Sorry unions, but the teacher has got to go.  And the technology is probably there.  But is there a will and a desire?  Because we're talking something beyond complex.  About breaking concepts down into teachable, repeatable sections where if you can't do what is going on, then you can't move on.  No pass, no advancement.   But like a real teacher, the program has to be able to teach the same subject in dozens of different ways to finally get the point across.   

I think my major desire is because I don't believe the US school system is worth a damn.  I grew up in the public school system.  I found it completely lacking.  The public school system teaches to the middle.  If you are exceptional in either direction in any subject, you get left behind and chewed apart.  I can't complain about class size, because mine were no more than 30 in any class.  I grew up with the same 30 or so people.  I was 9th of a class of 32?  38?  Somewhere in there.  

But I made it through without major effort.  I had problems that became huge during college.  Because I was on both ends.  English was a joke.  By eighth grade, I had learned everything they had to teach me.  But math... that was a different story.  I wish I was better at math.  But I wasn't.  I barely passed.  It crippled me.  

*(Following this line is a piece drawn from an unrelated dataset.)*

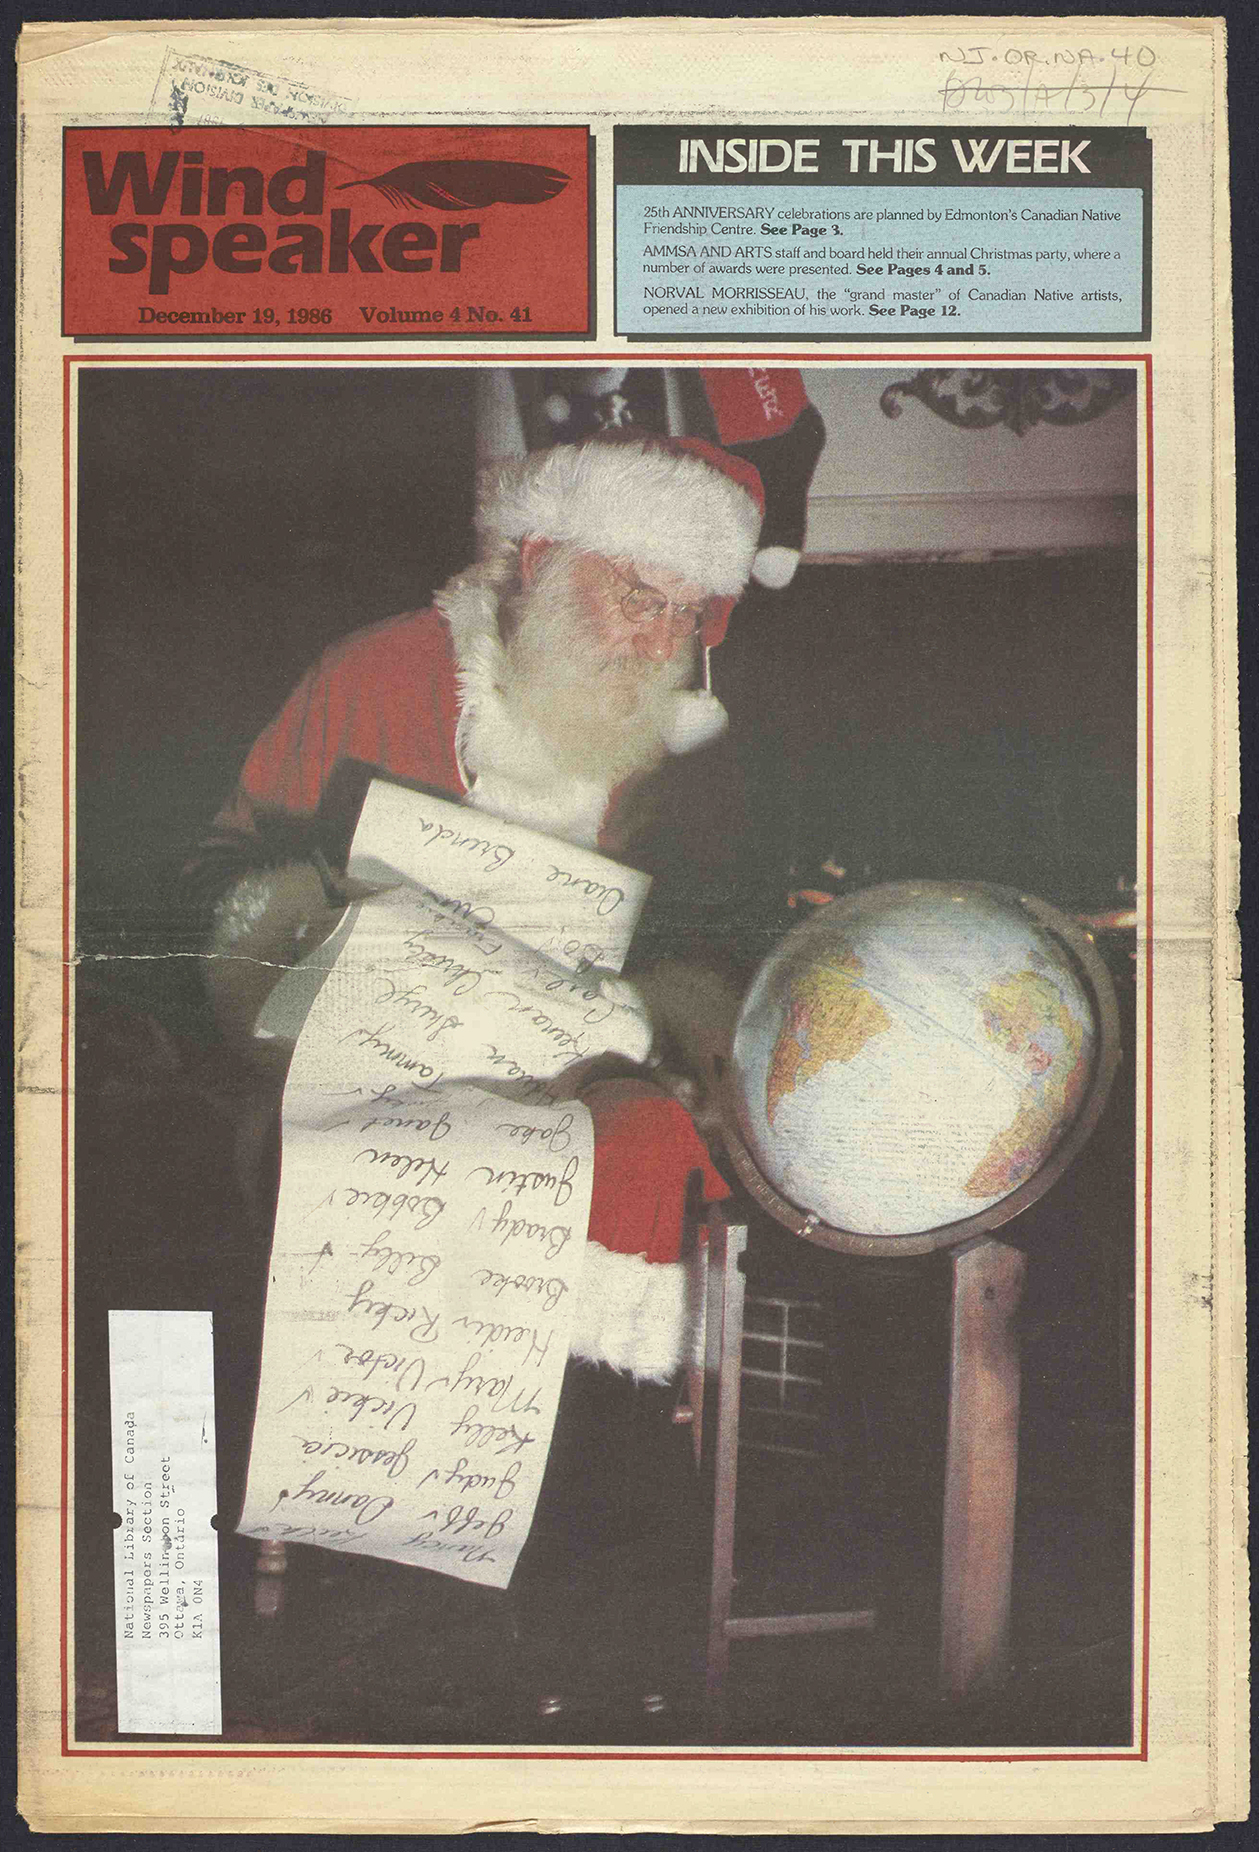 December 19, 1986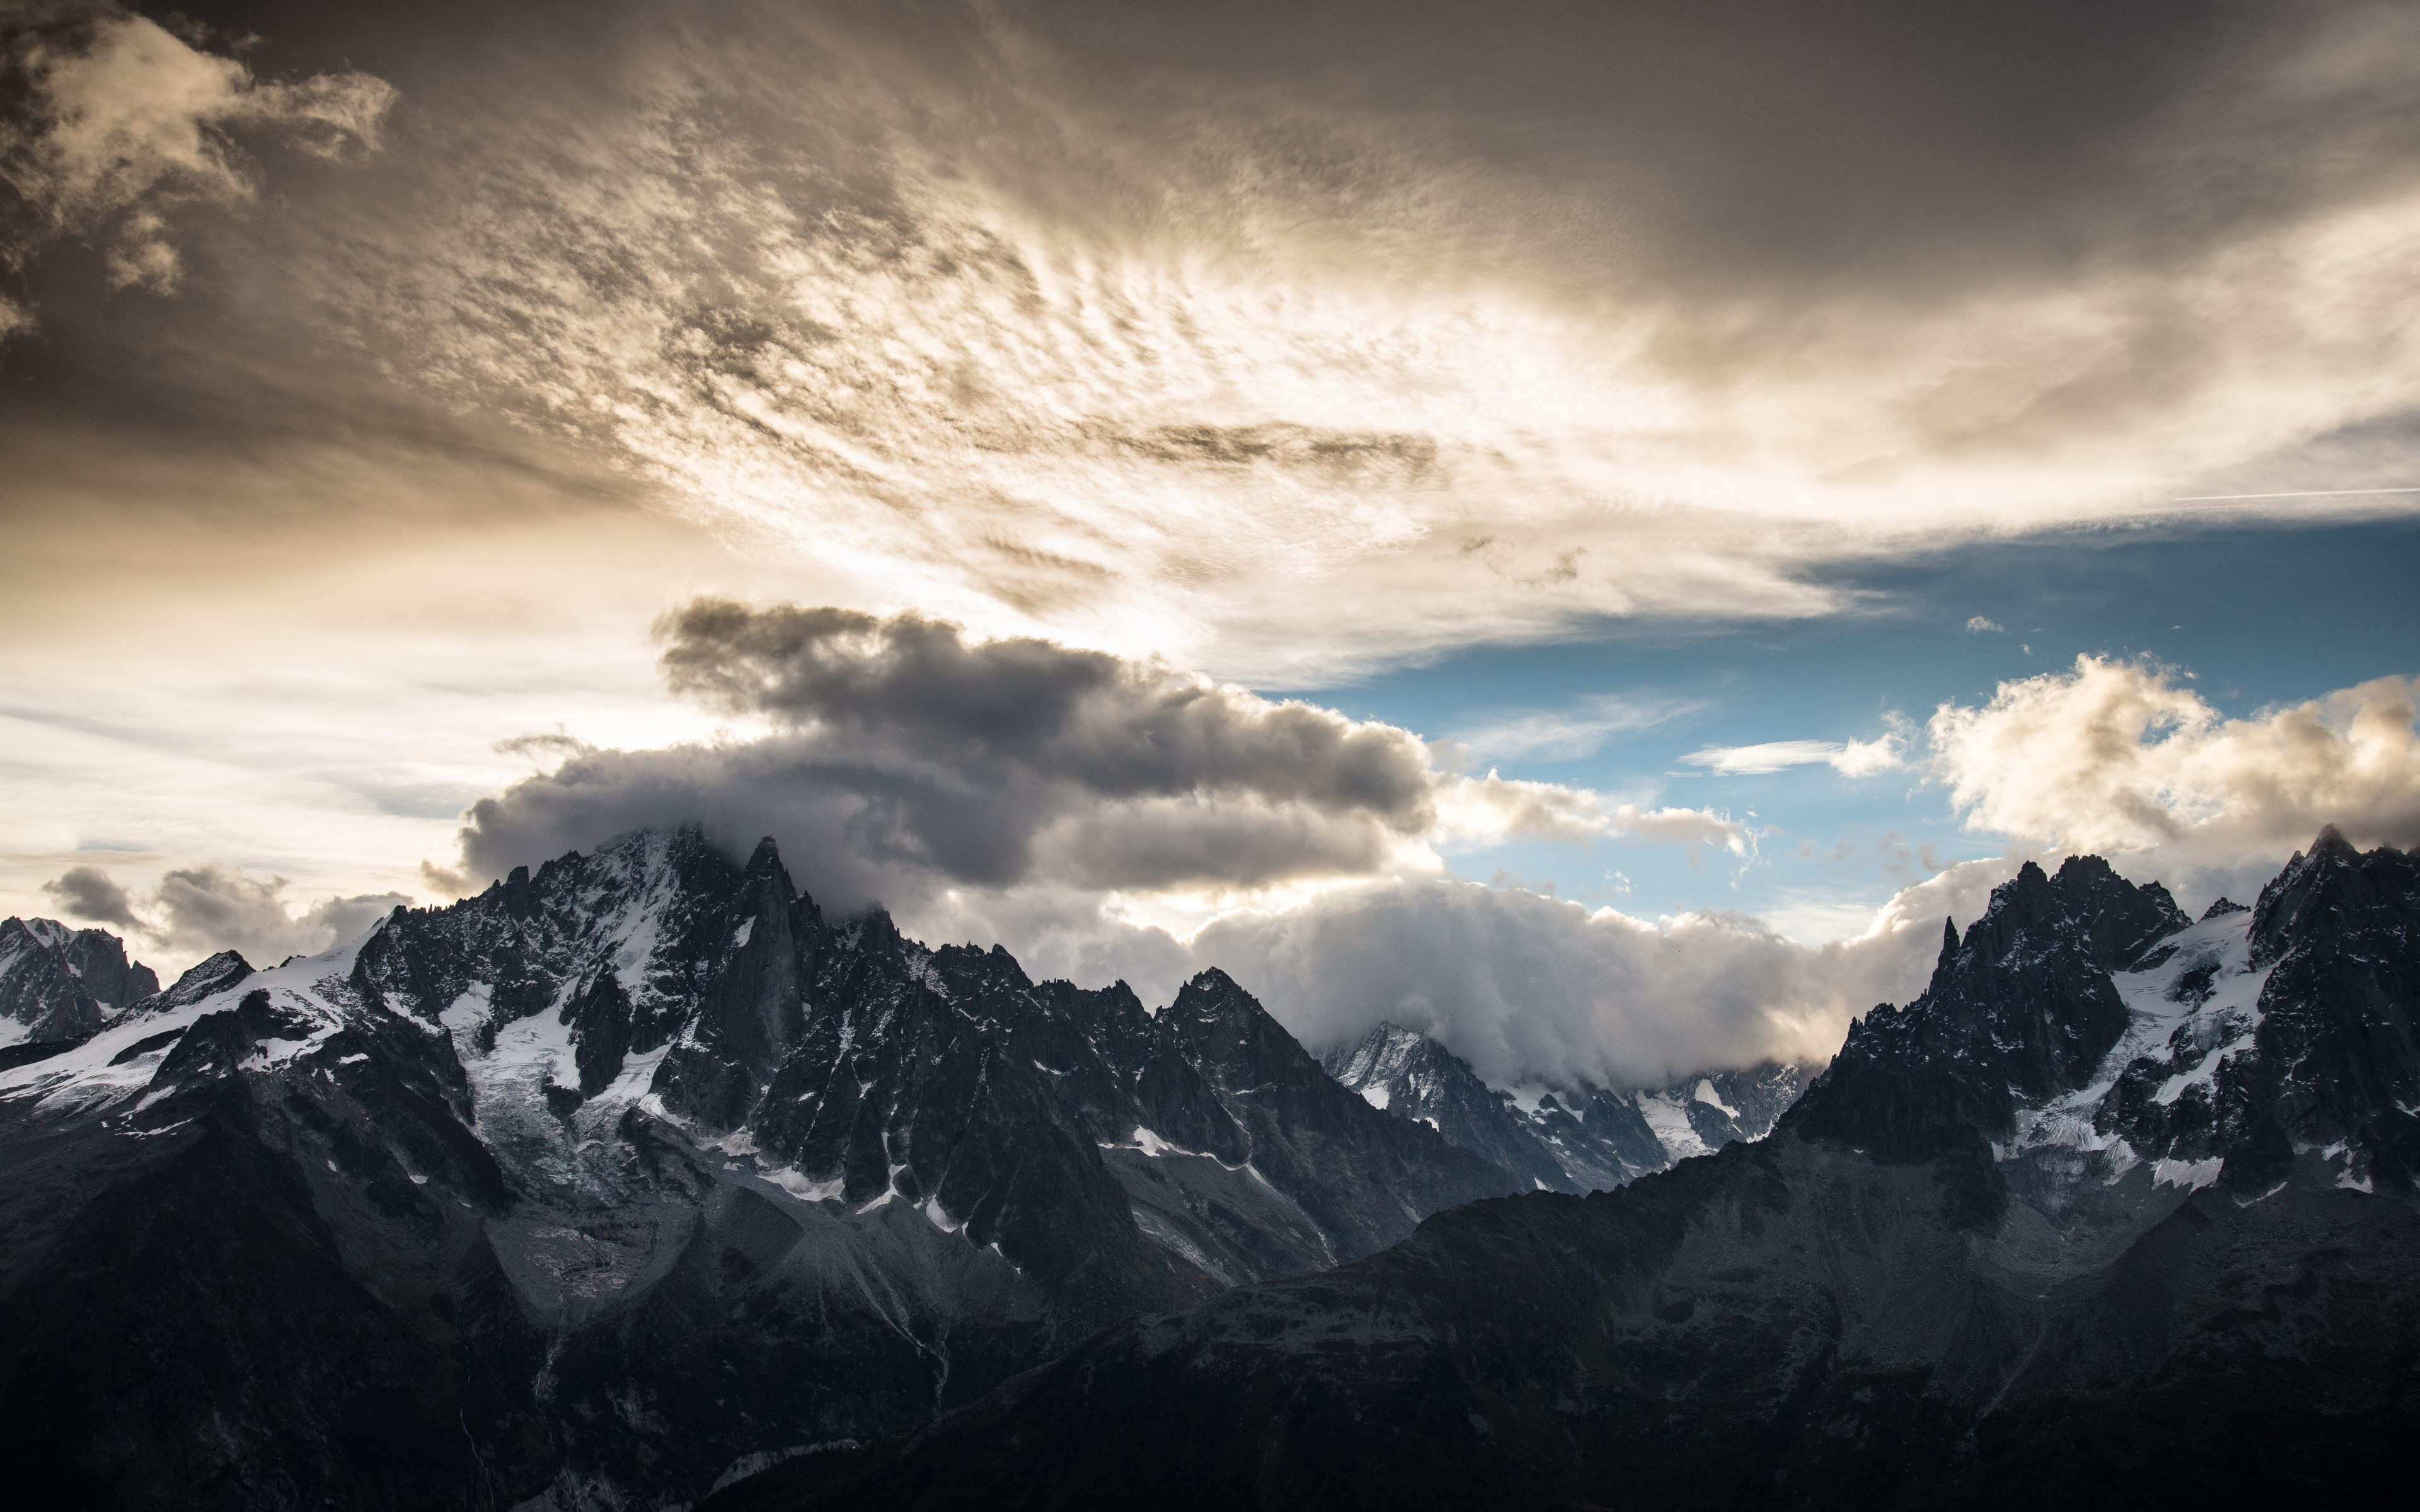 Download wallpaper: Mountain peaks, clouds, landscape

But because I had small class sizes...  they passed me.  And they crippled me.  Algebra didn't seem important, and my teachers wouldn't put in the effort.  Now, I wish they had.  Because what I love to do requires math.  Because math is a universal truth.  And English is open to interpretation.  

And now you get where the failing is.  Or maybe you do.  

English: many interpretations.  None is absolutely correct.  
Math: One interpretation.  One answer.  

If the education system refuses to accept there is one correct answer, then they will teach to failure.